Описание профиля безопасности препаратов не выявило ничего нового по отношению к оригинальным публикациям. Количество побочных явлений, в том числе и приведших к выходу из исследования, в целом не отличалось между пациентами с БAР I и БAР II во всех группах лечения.
Достоверность этого анализа может быть ограничена его ретроспективностью, а также тем фактом, что при объединении данных упускалась некоторая информация, например, сопутствующие заболевания пациентов и их лечение.
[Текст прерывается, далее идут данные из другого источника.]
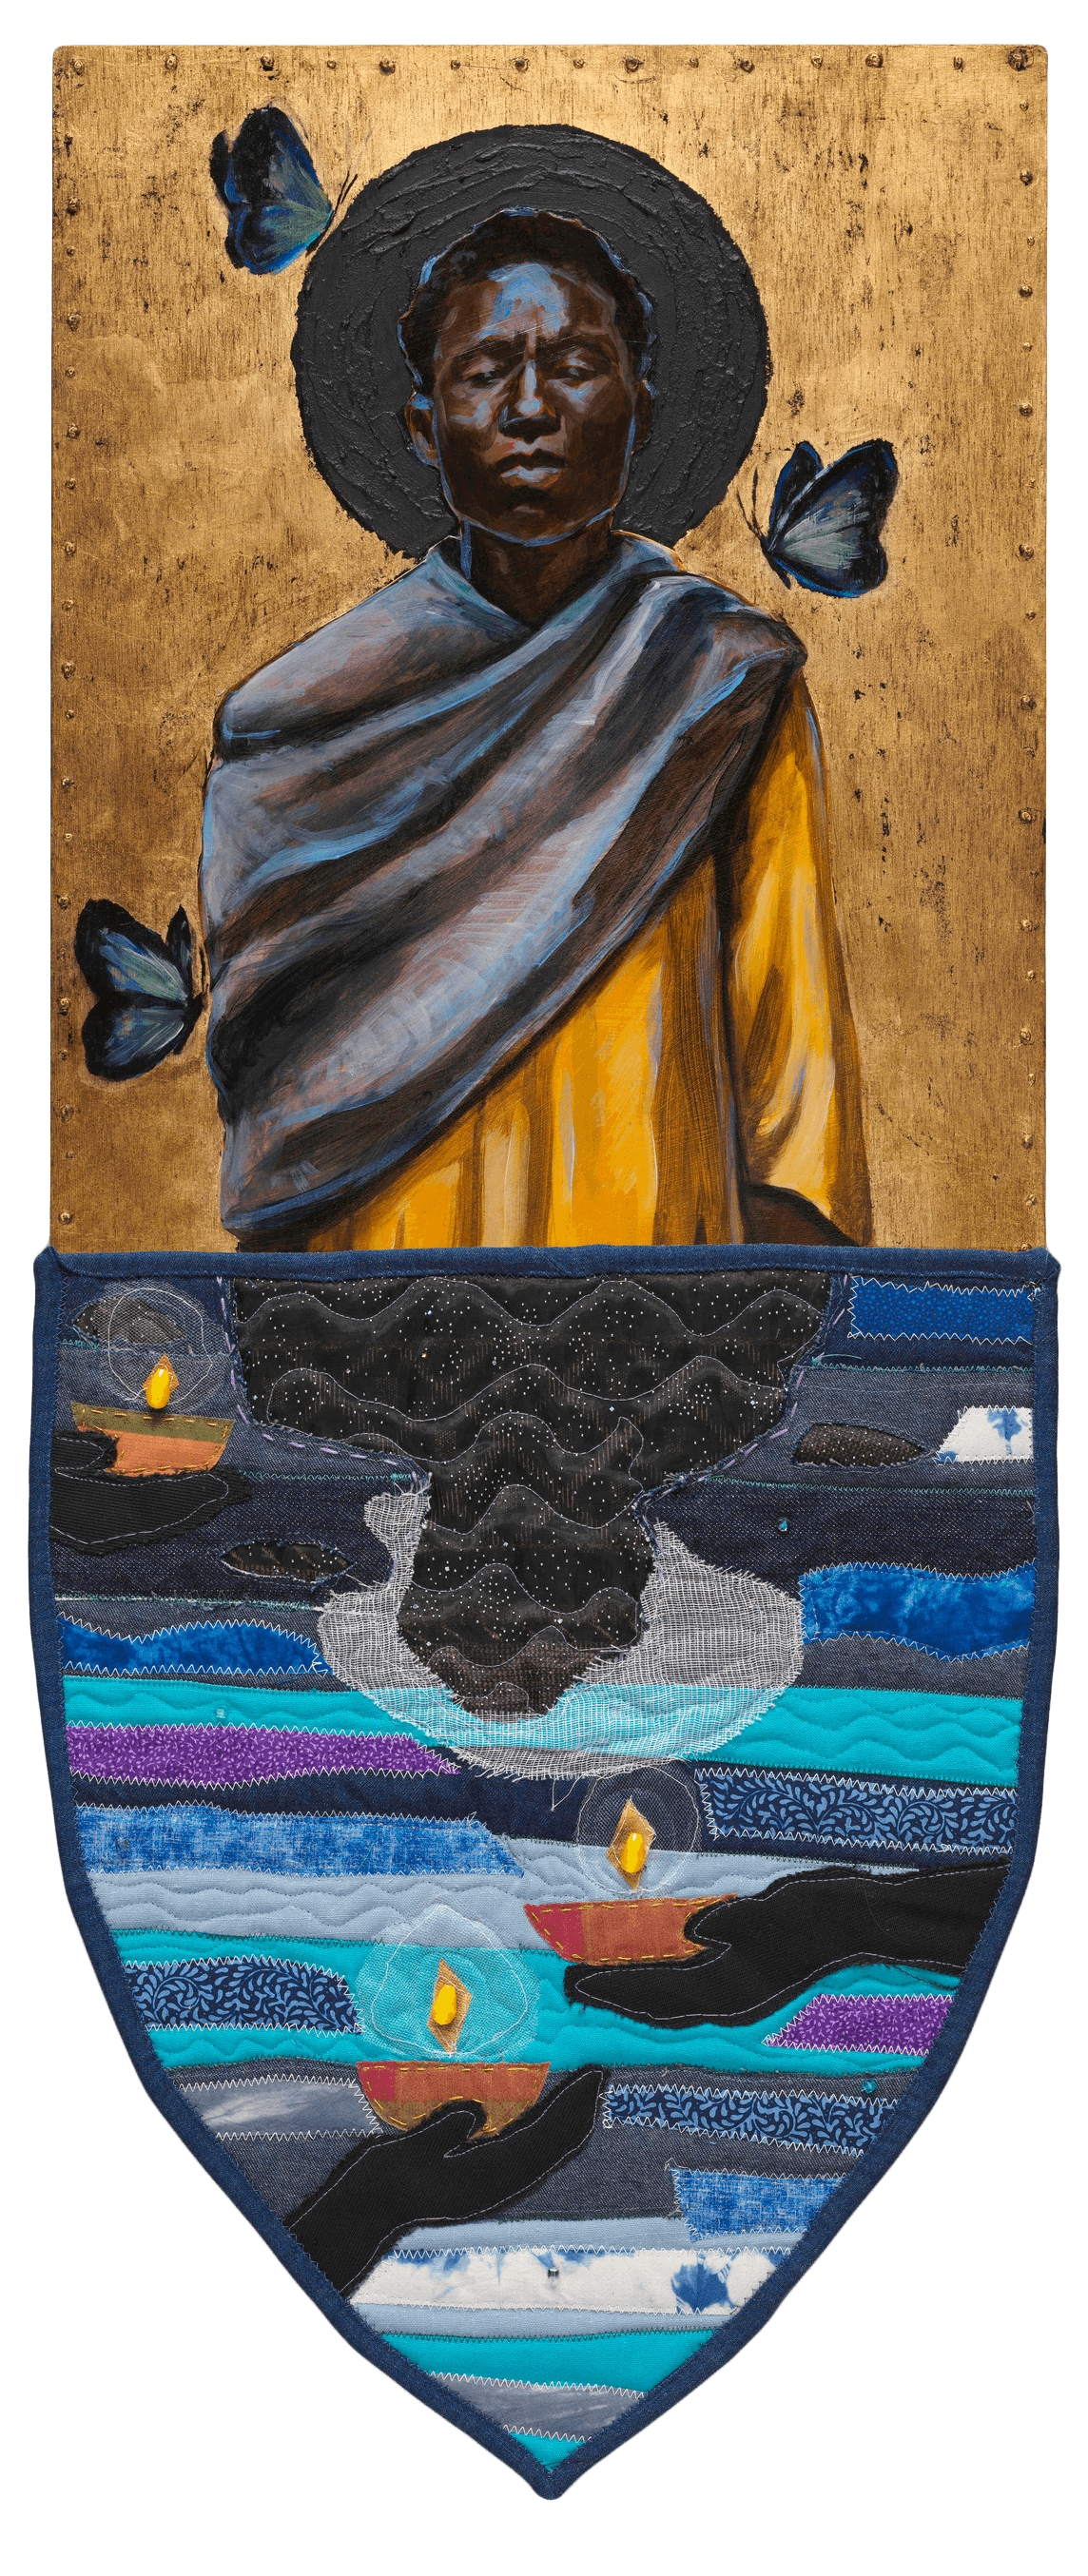 A mixed media piece of art by Stephen Towns that has a painting of a black man facing forward with his eye's closed above his reflected in the water.
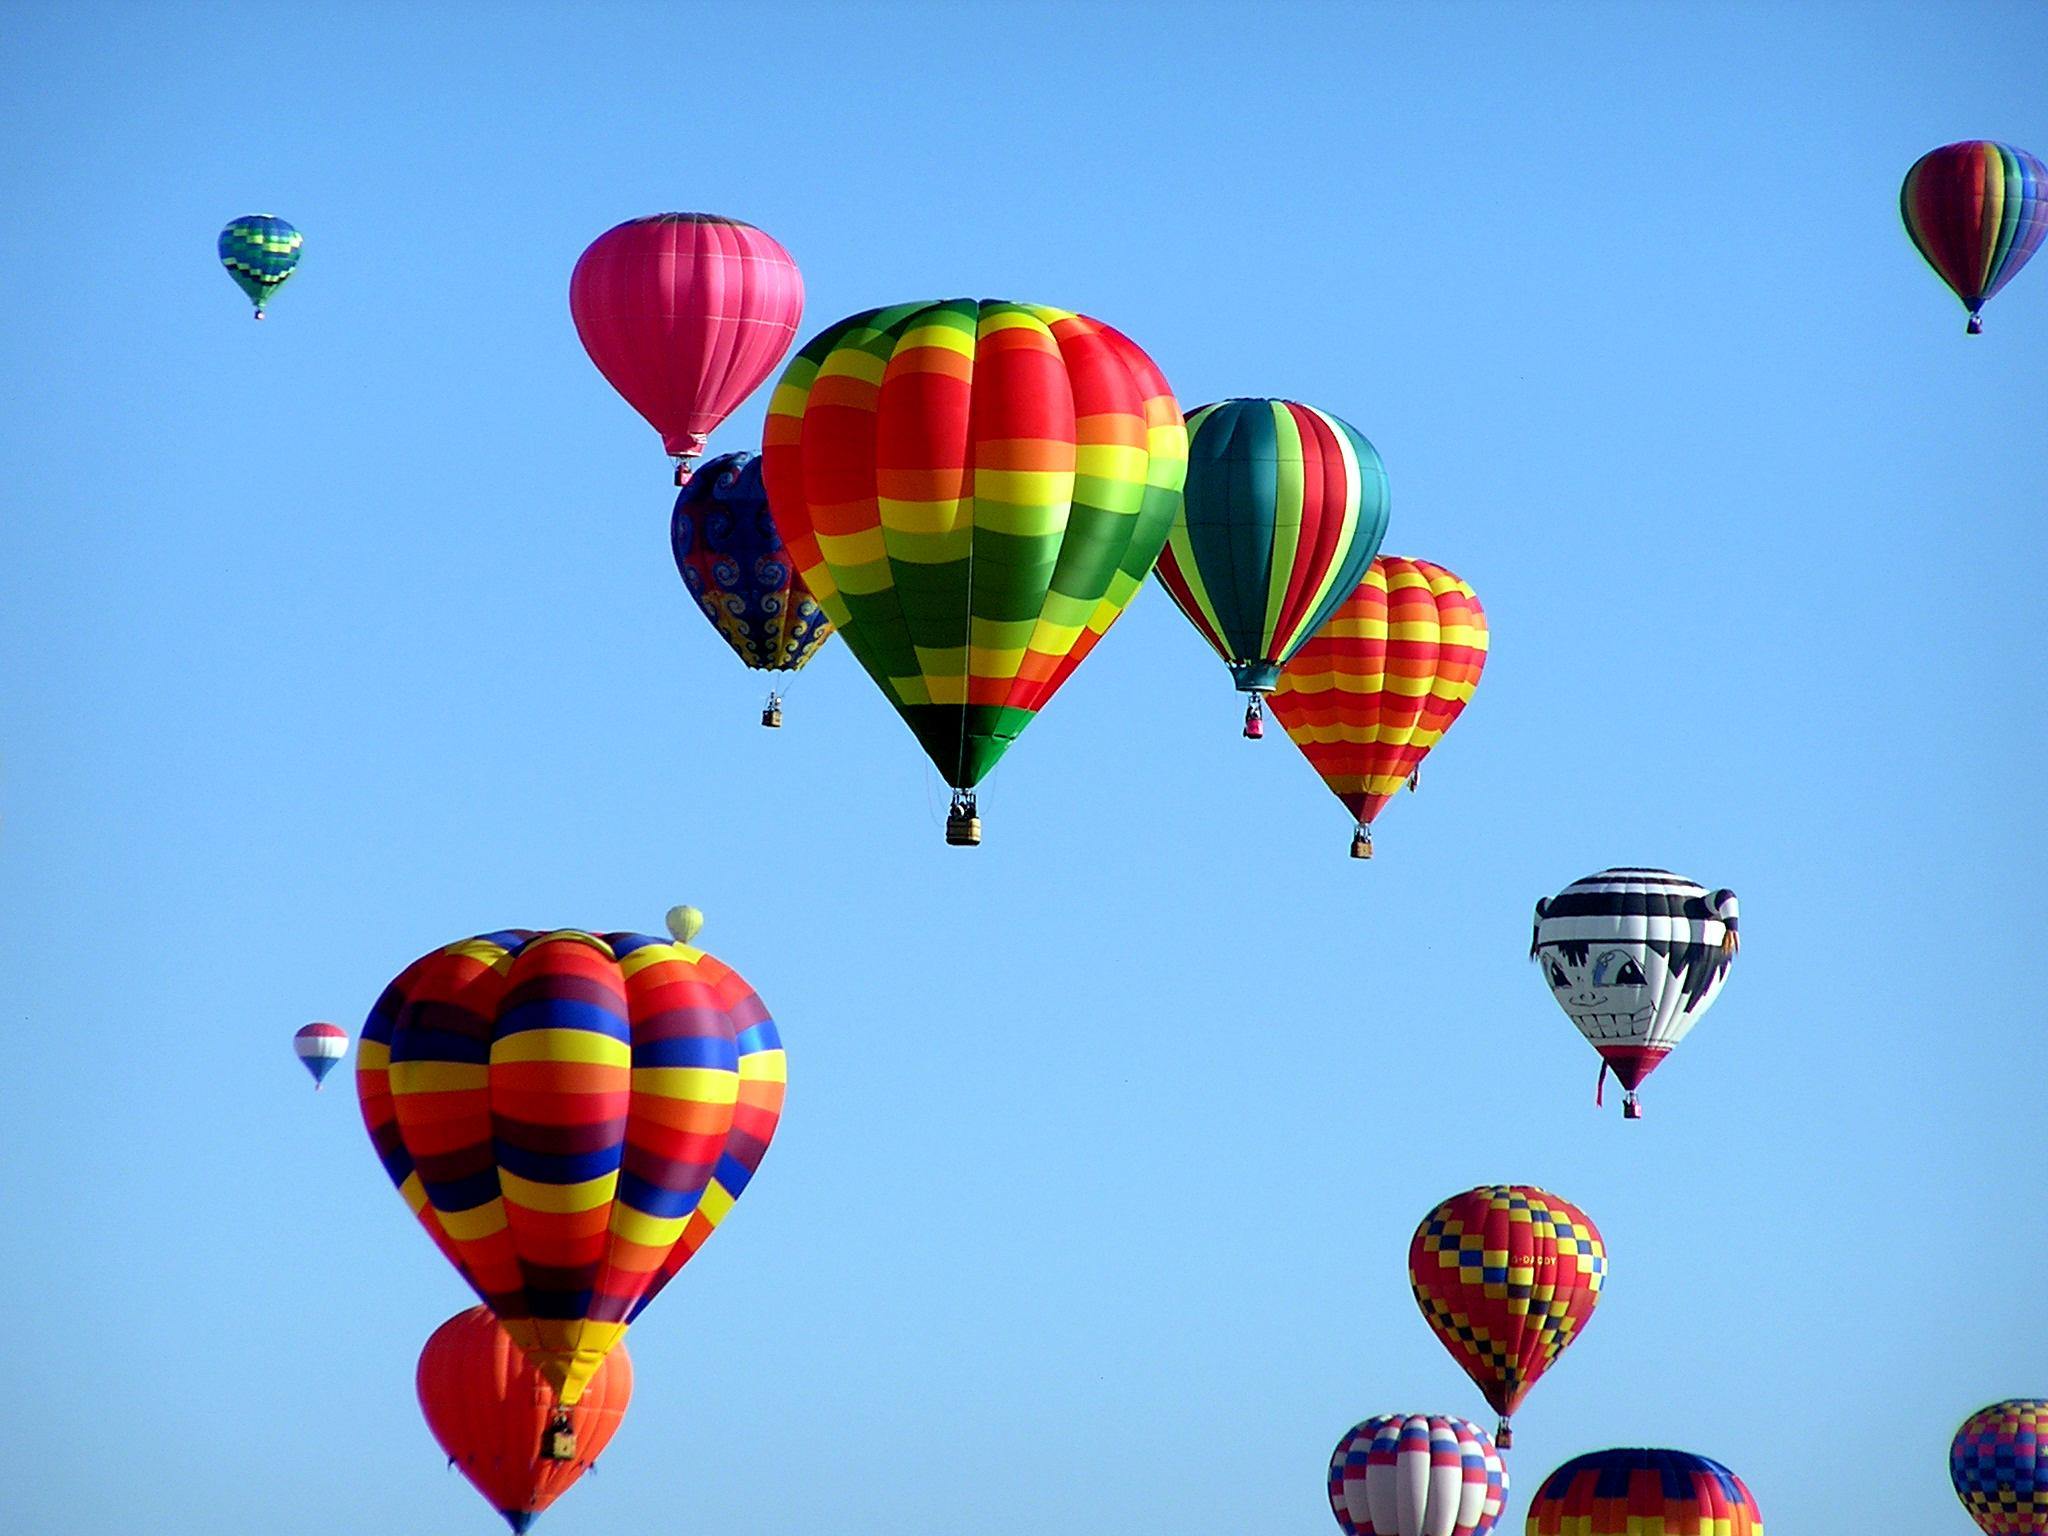 There's nothing quite like watching hot-air balloons float into the air.

Однако ранее в литературе не встречались работы по сравнительному анализу данных пациентов с БAР I и БAР II в ходе клинических исследований.
По мнению авторов, данные, полученные в ходе исследований о более медленном терапевтическом ответе больных со II типом биполярного аффективного расстройства на все виды лечения, могут быть полезны клиницистам и пациентам. Предполагается, что при отсутствии ожидаемого эффекта от лечения может быть необходим более длительный период наблюдения, прежде чем будет приниматься решение о замене препарата.
Выводы
Таким образом, можно сделать вывод, что кветиапин может быть эффективным средством в лечении пациентов с БАР I и II типа.